Try it: Copy out the entries below exactly as they stand, but only from the line containing "VILHELM PARFUMERIE Mango" through the line containing "Ternos de basquete".

** Opening Input material block **

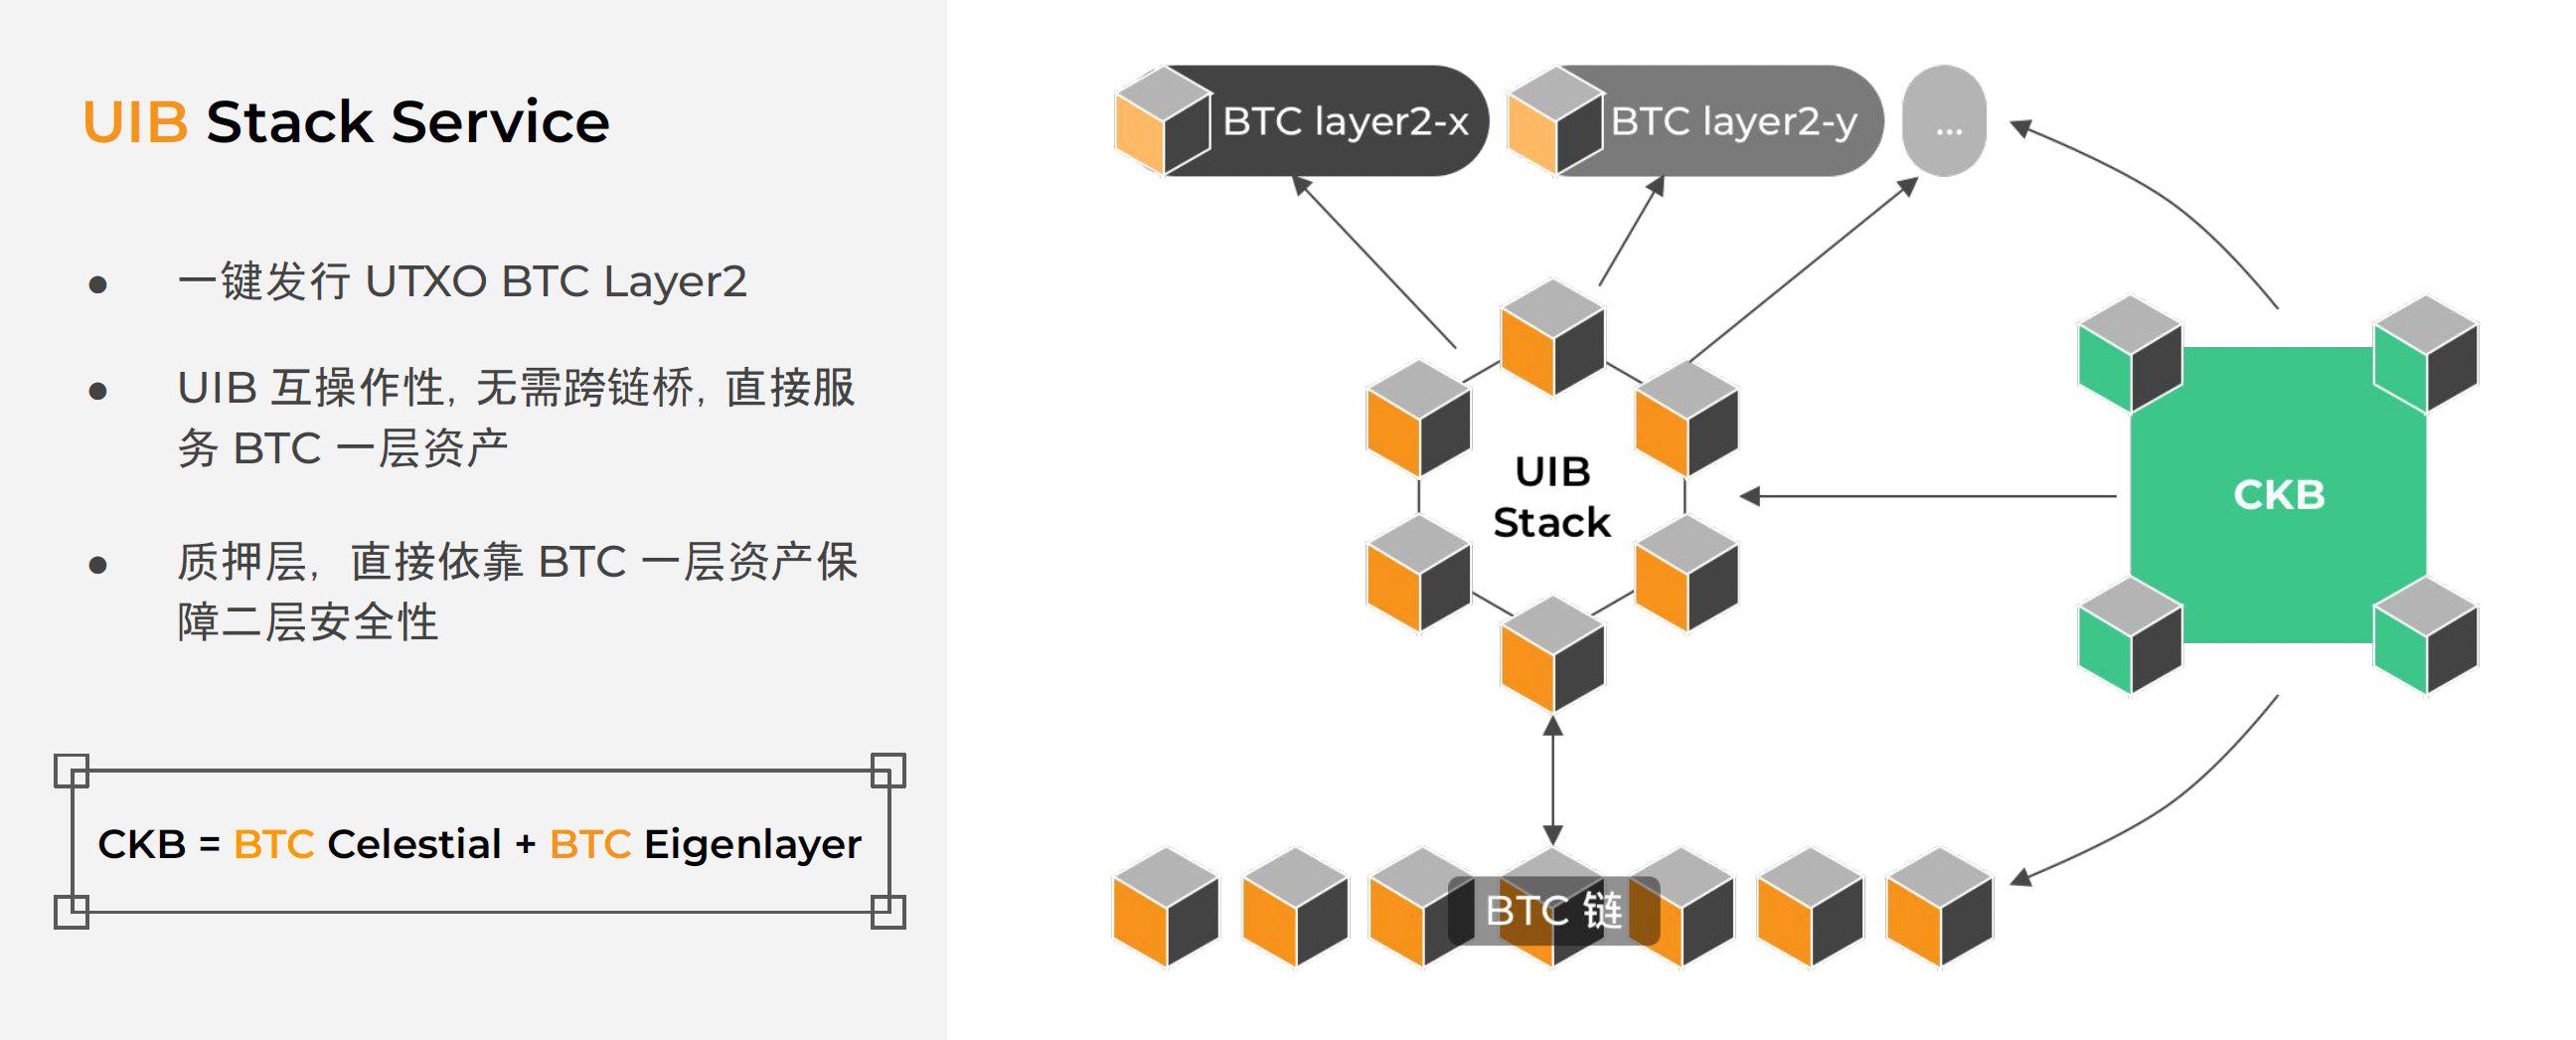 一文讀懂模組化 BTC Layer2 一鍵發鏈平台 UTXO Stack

** Closing Input material block **
** Opening Input material block **

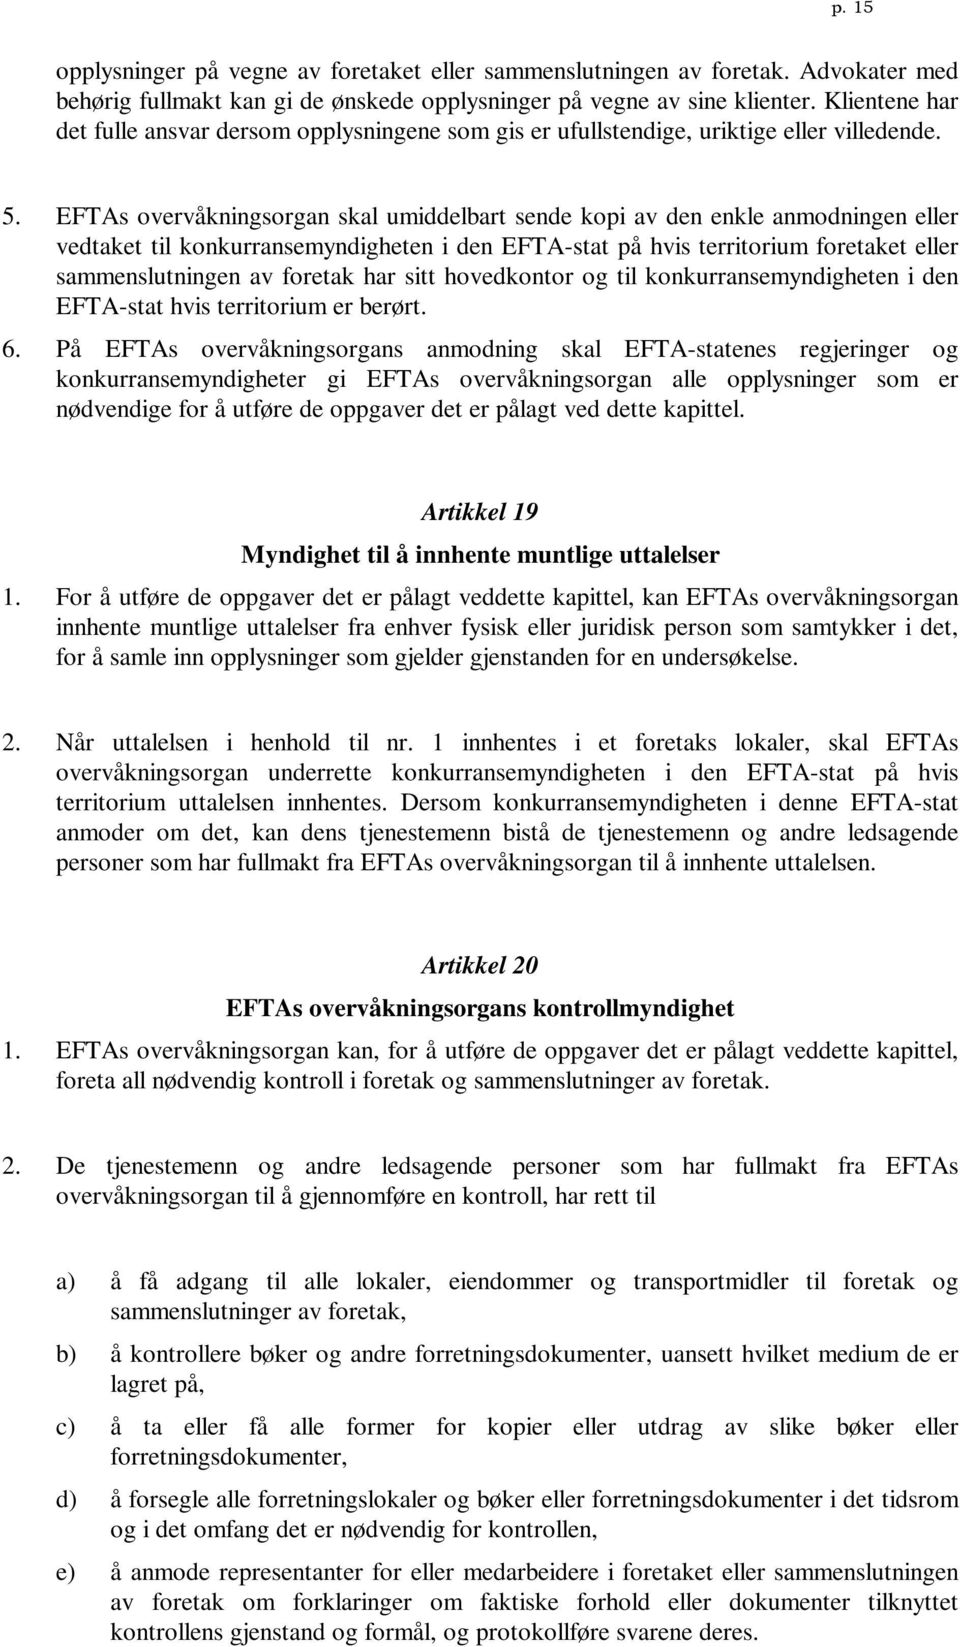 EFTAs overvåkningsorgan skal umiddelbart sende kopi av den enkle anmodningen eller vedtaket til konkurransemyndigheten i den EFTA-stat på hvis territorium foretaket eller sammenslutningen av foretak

** Closing Input material block **
** Opening Input material block **

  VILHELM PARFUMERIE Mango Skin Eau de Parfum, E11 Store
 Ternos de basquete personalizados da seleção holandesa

** Closing Input material block **

Exercise output:
  VILHELM PARFUMERIE Mango Skin Eau de Parfum, E11 Store
 Ternos de basquete personalizados da seleção holandesa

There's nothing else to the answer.